Variants calling, annotation and interpretation
Chromosomal anomalies including aneuploidy and rare copy number variation were called based on the pipeline developed by Dong et al14. Intragenic CNVs that smaller than 100Kb were called by SpeedSeq SV pipeline (v.0.0.3a).15 Deep sequencing data were aligned to the human reference genome GRCh37/hg19 and single-nucleoside variants(SNV, including insertion/deletion) were called and filtered using the Edico Genome’s Dragen Bio-IT Platform.16 Intragenic CNVs and SNVs were annotated using bcfanno(v1.4) (https://github.com/shiquan/bcfanno) with frequencies in public database (ExAC, GnomAD and G100017), in-house normal population database containing 790 samples sequenced by the same sequencing platform. Variants with MAF higher than 0.01 in above mentioned databases were filtered.18
Clinical significance of variants was determined by a clinical review panel that consists of genetics, senior sonographers, MRI radiologist and obstetricians and gynecologists. Variants were interpreted based on the American College of Medical Genetics and Genomics (ACMG) guidelines19,20 to pathogenic/likely pathogenic or of unknown significance (VUS). Besides we defined an extra class of candidate variants that on genes known to associated with CNS anomalies and had not presented in public database or inner database if the gene is associated with dominant diseases, or two variants on a same gene associated with recessive inheritance diseases.
Validation
Pathogenic or likely pathogenic SNV were validated by Sanger sequencing. CNVs of duplication were validated by QPCR and CNVs of deletions were validated by PCR and agarose gel electrophoresis.
Data acquirement
The data reported in this study are available in the CNGB Nucleotide Sequence Archive (CNSA: CNP0000415).
Results
Demographic characteristics of the cohort and prenatal imaging features
The median maternal age is 27. No difference was detected in the age median and distribution between this cohort and that of the Chinese women who gave a birth in 2015 calculated from the sample survey data by National Bureau of Statistics of China. 21 The chromosomal gender ratio of the fetuses is 1:1(51/51), suggesting no gender difference of this cohort. Above 60% of the final ultrasound diagnosis were got after 28weeks (Supplementary Figure S1).
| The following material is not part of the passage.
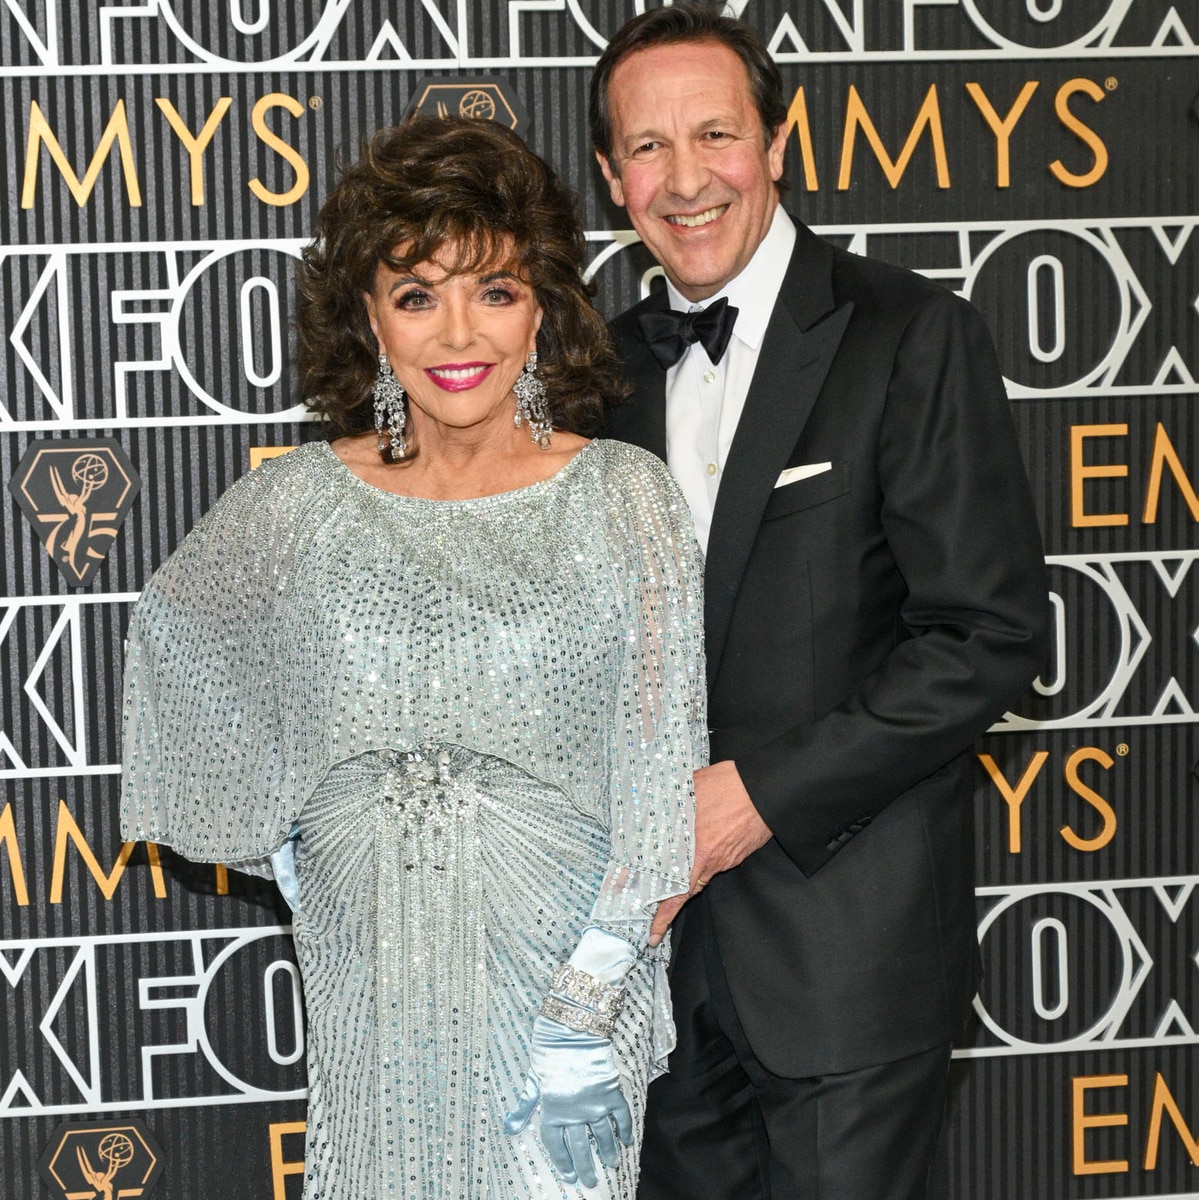 Joan Collins, Percy Gibson

Clinical information and detailed prenatal ultrasound or MRI features of each individual was reviewed and listed in supplementary Table S1. CNS anomalies were divided into 12 subgroups and their co-existing connections were shown in Figure. 1c. Hydrocephalus and NTDs were most frequent in our cohort. 117 cases found anomalies in the CNS only. The rest 45 ones were combined with abnormalities out of CNS.
Chromosomal anomalies and CNVs
Chromosomal anomalies referred to aneuploidies and chromosomal rearrangements over 5Mb to compare with a 550-band resolution karyotype. CNVs referred to those >100Kb that is the same discrimination level as most commercial CMA products. 33(20.3%) fetuses were detected with chromosomal anomalies, including 19 aneuploidies and 14 other chromosomal anomalies and 336 CNVs (Figure S2) containing six pathogenic or likely pathogenic ones (pCNVs) shown by Table 1. In three fetuses, we detected both chromosomal anomalies and pCNVs, implicating imbalanced translocations. Altogether, 36 fetuses got a genetic diagnosis, making a diagnosis yield of 22.2% at the level of 100Kb and above.
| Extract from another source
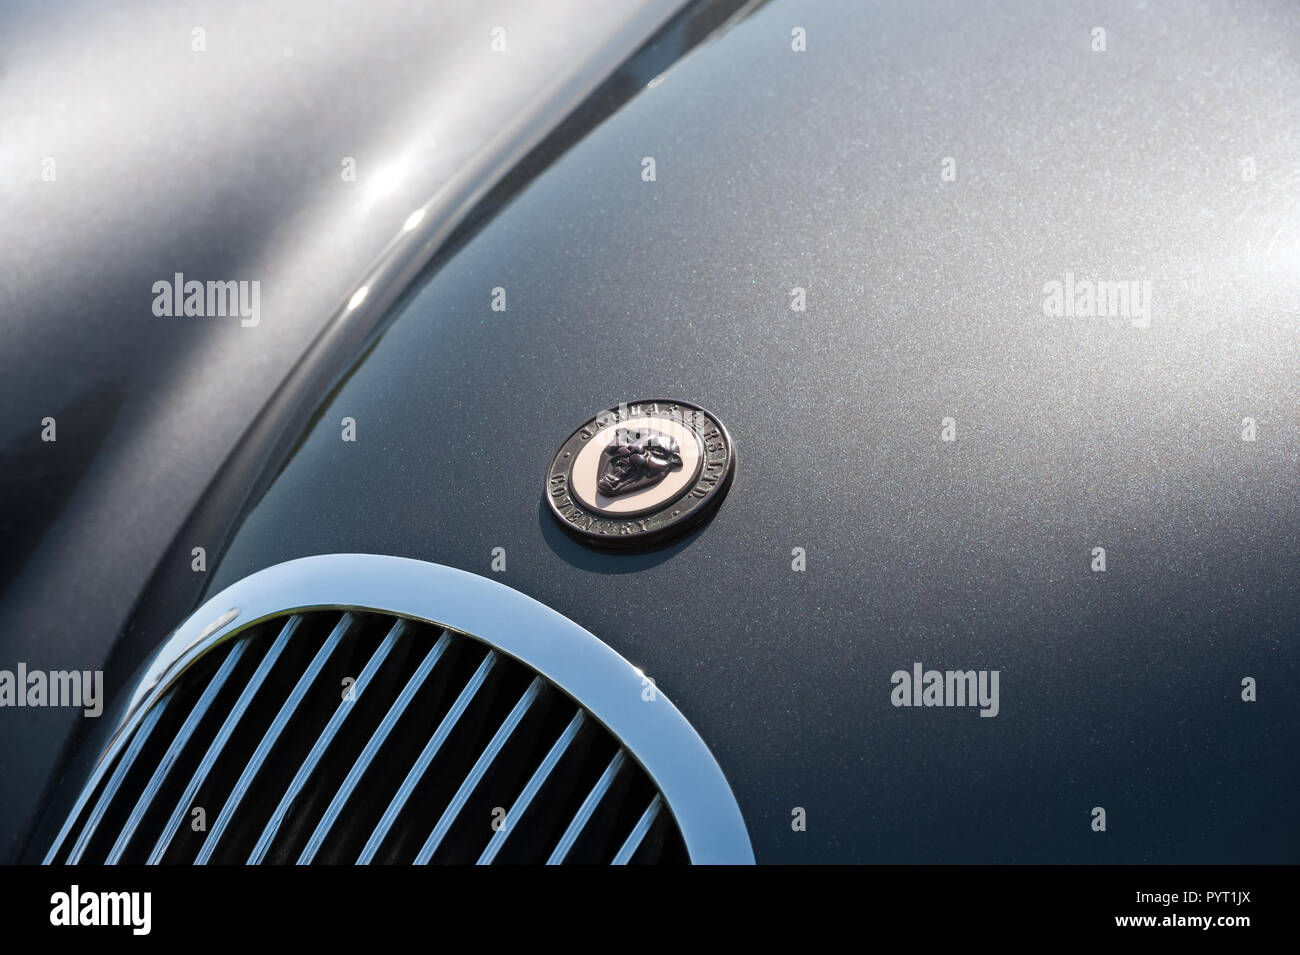 Yateley, UK - May 7, 2018: Close-up vehicle insignia and metallic paintwork on a vintage Jaguar automobile. Stock Photo

Single nucleotide variants and Intragenic CNVs
Except 26 samples that have been found chromosomal anomalies at low-passage, 136 samples were deeply sequenced to an average depth of 41.9± 0.4-fold coverage. Details of sequencing data and variant calling results were seen in Table S2.
26 pathogenic or likely pathogenic SNVs in 20 genes that may contribute to the fetal CNS malformations were identified in 24 cases, as shown in Table 2. Among them, 15 ones are novel mutations. Seven ones are previously known pathogenic variants and the rest four are found in public databases but without clear clinical significance before.
We also found 24 candidate SNVs in 22 cases (Table S3,Figure 3) might be related with the anomalies as defined in Methods. Knowing origins of these mutations would add extra information in determination their clinical significance but unfortunately almost all samples are lacking of parental DNA in this study. Besides, there are three secondary findings and four incident findings.
Intragenic CNVs ranging from 50bp to 100Kb that beyond the detection limit of mainstream CMA were analyzed in 102 samples without chromosomal anomalies, pCNVs or pSNVs. Four samples didn’t pass the quality control test due to lower quality of extracted genomic DNA. On average 2866.2±40.9 intragenic CNVs were called in each sample as shown by Figure 2a. The number of CNVs containing genes are linearly dependent on the total numbers of CNVs (Figure 2b). Numbers of exon-containing CNVs seemed less but also related with the number of CNVs called in the sample.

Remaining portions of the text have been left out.